He doesn't even blink. "No, not at all," Dickinson says. "It's a great venue, but it's got mostly across-the-map stuff now."
July 1 marks the commencement of Antone's 30th anniversary celebration, 30 years to the month after rabid blues fan and Port Arthur native Clifford Antone opened the club (originally at Sixth and Brazos streets), essentially to showcase the bluesmakers he adored.
For three weeks, the legendary club, located at 213 W. Fifth St. since March 1997, will honor its past with sets from each previous era.
There were the salad days of the early 1970s at Sixth and Brazos streets, when greats like Hubert Sumlin jammed with Stevie Ray Vaughan and Paul Ray. Then there was that brief Babylonian captivity way out on Anderson Lane. There was the long stretch at 2915 Guadalupe St., starting in '82, and represented by sets from Storyville, Marcia Ball and Angela Lou Ann Barton. And there's the warehouse district location of today, home to the Scabs, Breedlove and Soulhat.

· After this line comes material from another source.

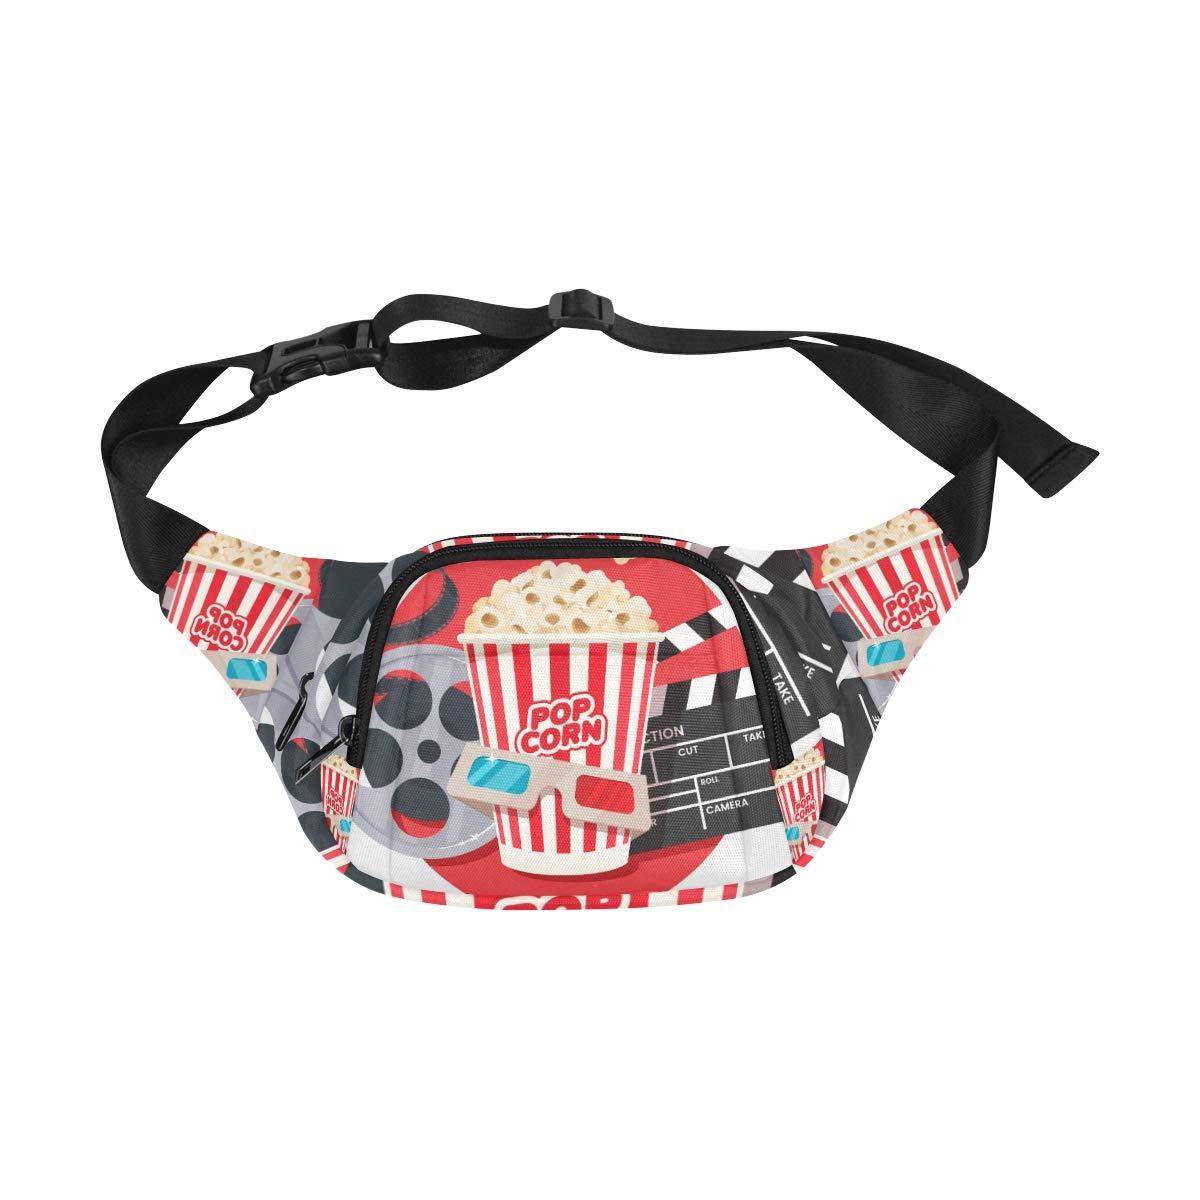 Movie Clapper And Film Reel Cinema Fenny Packs Waist Bags Adjustable Belt Waterproof Nylon Travel Running Sport Vacation Party For Men Women Boys Girls Kids

Since 2003, when founder Antone was serving time for a 1999 conviction on drug and money-laundering charges, the club has been managed and booked by Direct Events, an Austin production company, but the next three weeks are an ode to the club's past.
The blues clearly will not dominate Antone's future. Approximately 30 patrons turned out at 9 p.m. on a recent Blue Monday. Meanwhile, there were at least twice as many folks at the Parlor's punk rock show.
So, is Neko Case the future of Antone's? Well, yeah. The future of Antone's isn't as a blues club. It's just as a club. For most clubgoers, that's fine.
'A different spin'
This multimusical future is Chris Thies' mandate. The 34-year-old Direct Events booker formerly oversaw two large Chicago clubs, the Metro and the Doubledoor, and calls Antone's "his baby." He books music that appeals to a wide range of tastes: plenty of KGSR-type stuff for the older crowd, plenty of jammy rock that appeals to undergrads and the undergrad-at-heart. There's even some hip-hop now and then; the recent free shows by the now-defunct Urban Assault Collective packed the house.
"I have made a conscious effort to put a different spin on Antone's," he says. "And you know, the way it's laid out, the artist to audience connection is easily attainable."
Just because it sounds like corporate-speak doesn't make it any less true. Antone's fan-friendly layout is weirdly intimate, and makes the club a key piece of Direct Events' Austin empire. But that's all it is, ultimately: a piece of a much bigger business.
Thies agrees that hip-hop works well there. Austin up-and-comer Bavu Blakes plays the 600-capacity club in mid-September, and Thies says they might bring back old-school hip-hop icon KRS-One. "The afternoon after KRS-One's last show, he turned Antone's into a classroom," Thies says. "He just hung out with some folks from the hip-hop scene, talking about the future of hip-hop; even our staff got into the discussion."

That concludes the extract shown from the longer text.